Roda Viva ficou eternizada como uma montagem de alto teor
político, principalmente por causa dos episódios que marcaram duas
encenações em 1968. Em 17 de julho, numa ação batizada "Quadrado Morto",
o Comando de Caça aos Comunistas (CCC) invadiu o Teatro Galpão, de Ruth
Escobar, onde ocorria a montagem paulistana da peça. Depredaram o
espaço, despiram e espancaram o elenco, que incluía Rodrigo Santiago,
Marília Pêra (no papel que fora de Marieta), Antônio Pedro e Paulo César
Pereio. A agressão se repetiu em 3 de outubro, em Porto Alegre, dessa
vez por ação direta do Exército brasileiro, segundo Zé Celso. Roda Viva
morreu ali, dois meses antes do AI-5.
"Hoje, eu voltaria a fazer Roda Viva, de birra.

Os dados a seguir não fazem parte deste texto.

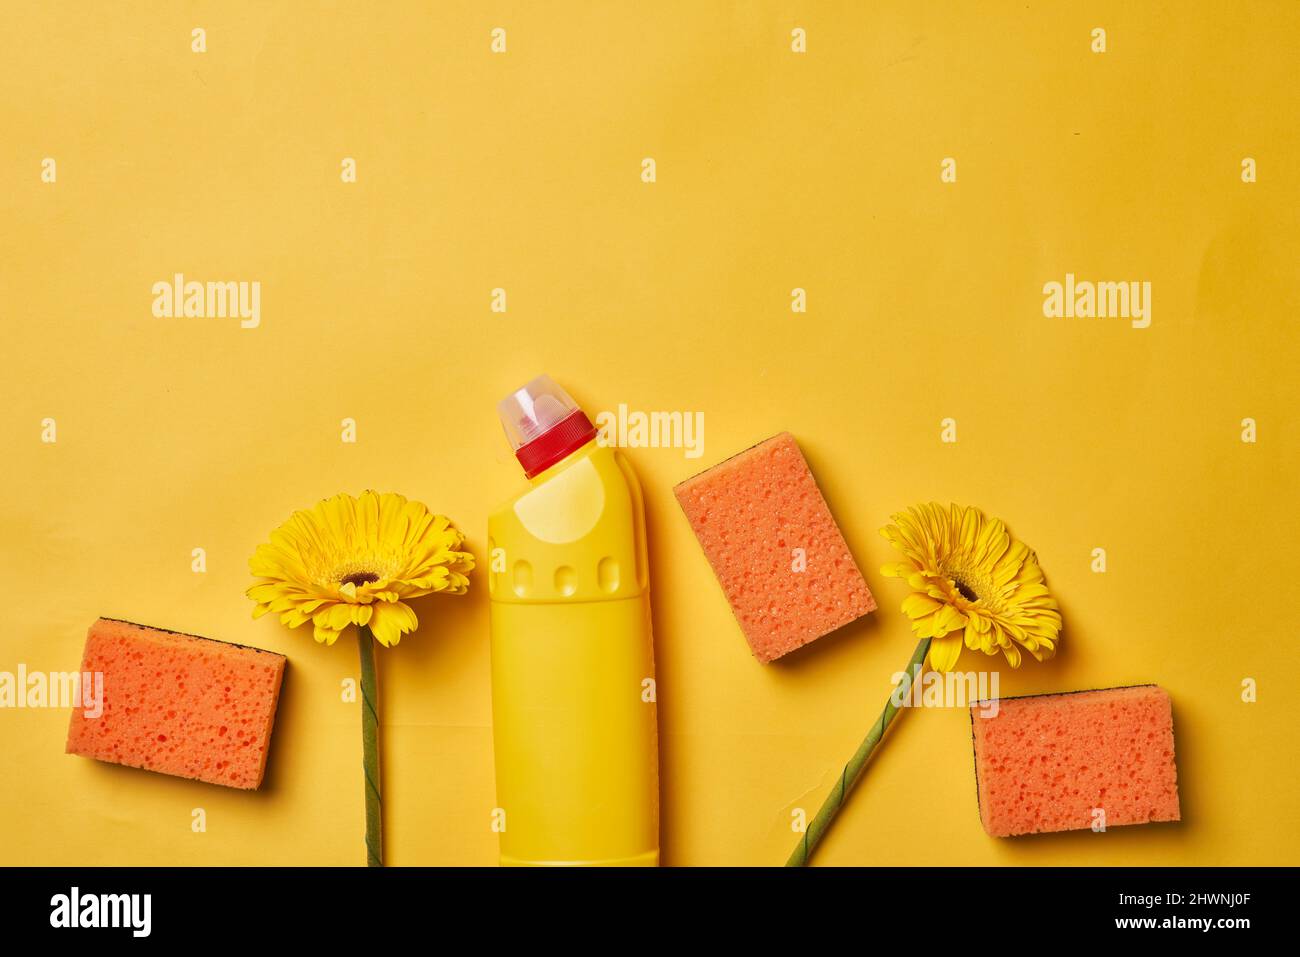 Cleaning service concept. Spring cleaning. Cleaning chemical bottles and supplies. House cleaning concept on colored background Stock Photo

Deveria ser remontada, porque fez uma revolução no teatro brasileiro",
diz Zé Celso. "Chico vinha de uma formação muito tradicionalista, os
Buarque de Holanda eram muito religiosos. A peça não tinha nu, mas ainda
assim ele pediu: ‘Olha, Marieta não pode ficar nua’. Voltar a Roda Viva
talvez fosse libertador, porque deve ter um trauma. Diziam na época que
a peça era minha, que era alienada. Ele acreditou nisso", afirma. Zé
Celso também questiona a suposição de que a indisposição atual do autor
com a face "política" de sua obra explica sua guerra pessoal contra a
peça, estreada quando ele tinha 23 anos.
"Roda Viva é constantemente supervalorizada na obra do Chico", opina o historiador Gustavo Alonso, autor do livro ensaístico Simonal - Quem Não Tem Swing Morre com a Boca Cheia de Formiga"
(Record, 2011), em que tece considerações sobre a construção da imagem
pública de Chico como herói da resistência esquerdista. "Não é um texto
político, é uma crítica à jovem guarda", Alonso afirma.

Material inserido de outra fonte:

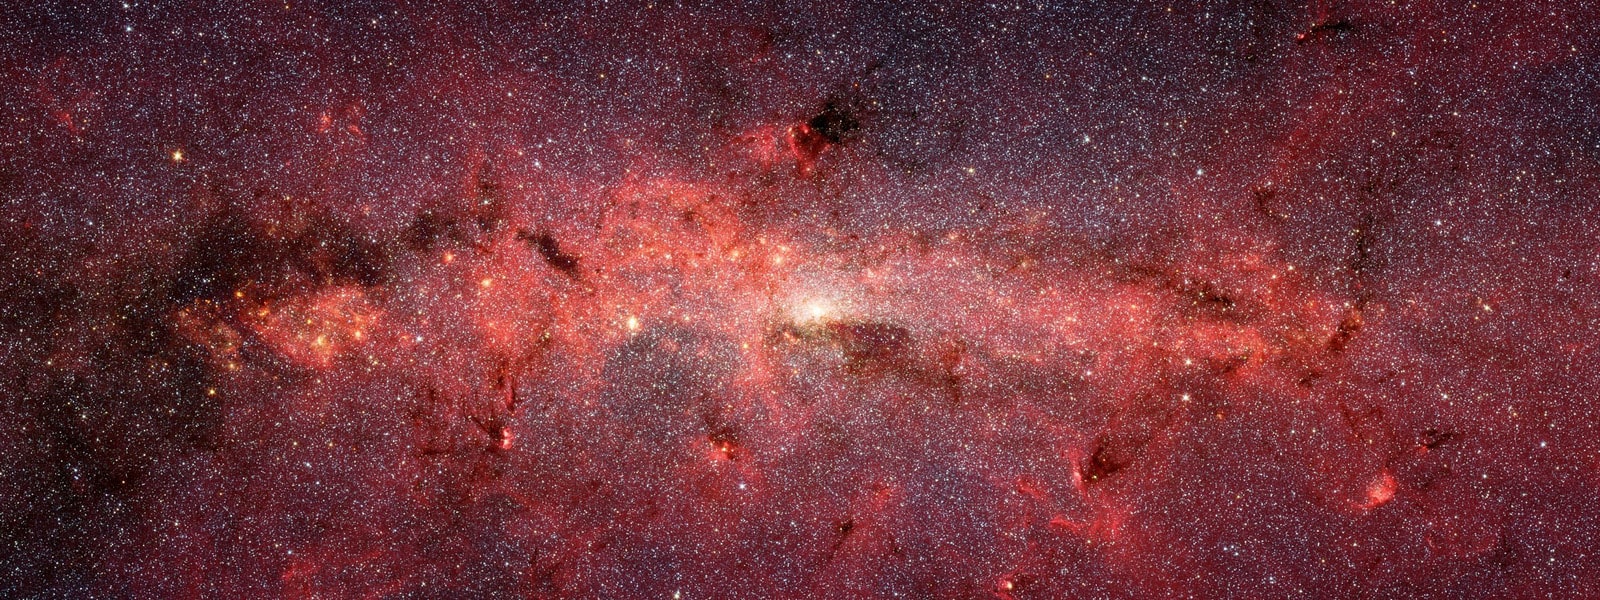 Dust, gas and stars in space

A preocupação central de Chico à época era criticar as engrenagens da
produção de ídolos pop - podia estar se referindo a Roberto Carlos ou
mesmo a si próprio. "Ele trata das metamorfoses a que a máquina de
marketing obriga Benedito da Silva, que se transforma em Ben Silver, um
ídolo de iê-iê-iê", evoca Zé Celso. "Mas o personagem fica ultrapassado
porque vem a linha da música brasileira, é quando canta Roda Viva.

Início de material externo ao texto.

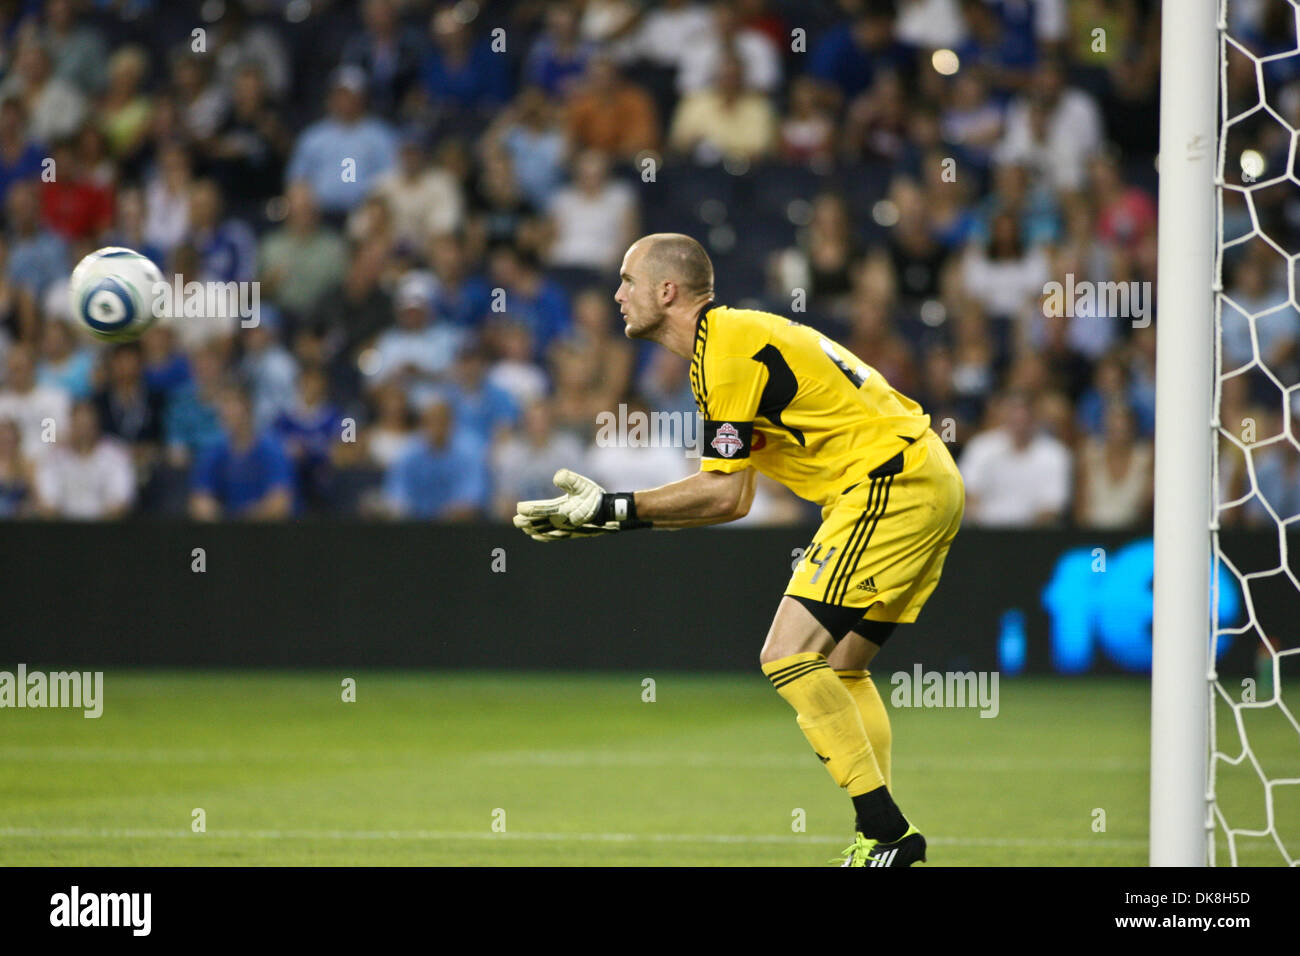 July 23, 2011 - Kansas City, Kansas, U.S - Toronto FC goalkeeper Stefan Frei (24) watches the ball and makes a save in the second half. Sporting KC defeated Toronto FC 4-2 at LIVESTRONG Sporting Park in Kansas City, Kansas. (Credit Image: © Tyson Hofsommer/Southcreek Global/ZUMAPRESS.com) Stock Photo

Em seguida, surge a turma de Geraldo Vandré, da militância, da música
ideológica. E depois é comido pela máquina. É obrigado a se suicidar, e a
mulher dele, Marieta, toma seu lugar, vira uma coisa parecida com
Caetano Veloso, mas mais pro hippie."
Zé Celso credita ao coro de Roda Viva grande parte do sucesso da peça
em 1968. "Era toda uma fauna inédita, tinha negro, gay, mulher, gente
feia, gente bonita, cientista, ambientalista. De repente, caíam em cima
daquele público supercareta do início de 1968. Era um estupro, um
estupro com exaltação." Entre os atores do coro, estavam Pedro Paulo
Rangel, Zezé Motta e André Valli. "Nós começamos isso no Brasil. Foi um
ano antes de Hair, que não é nada diante de Roda Viva. O Brasil nesse sentido foi vanguarda, porque tudo começou a explodir aqui em 1967. No resto do mundo explodiu em 1968."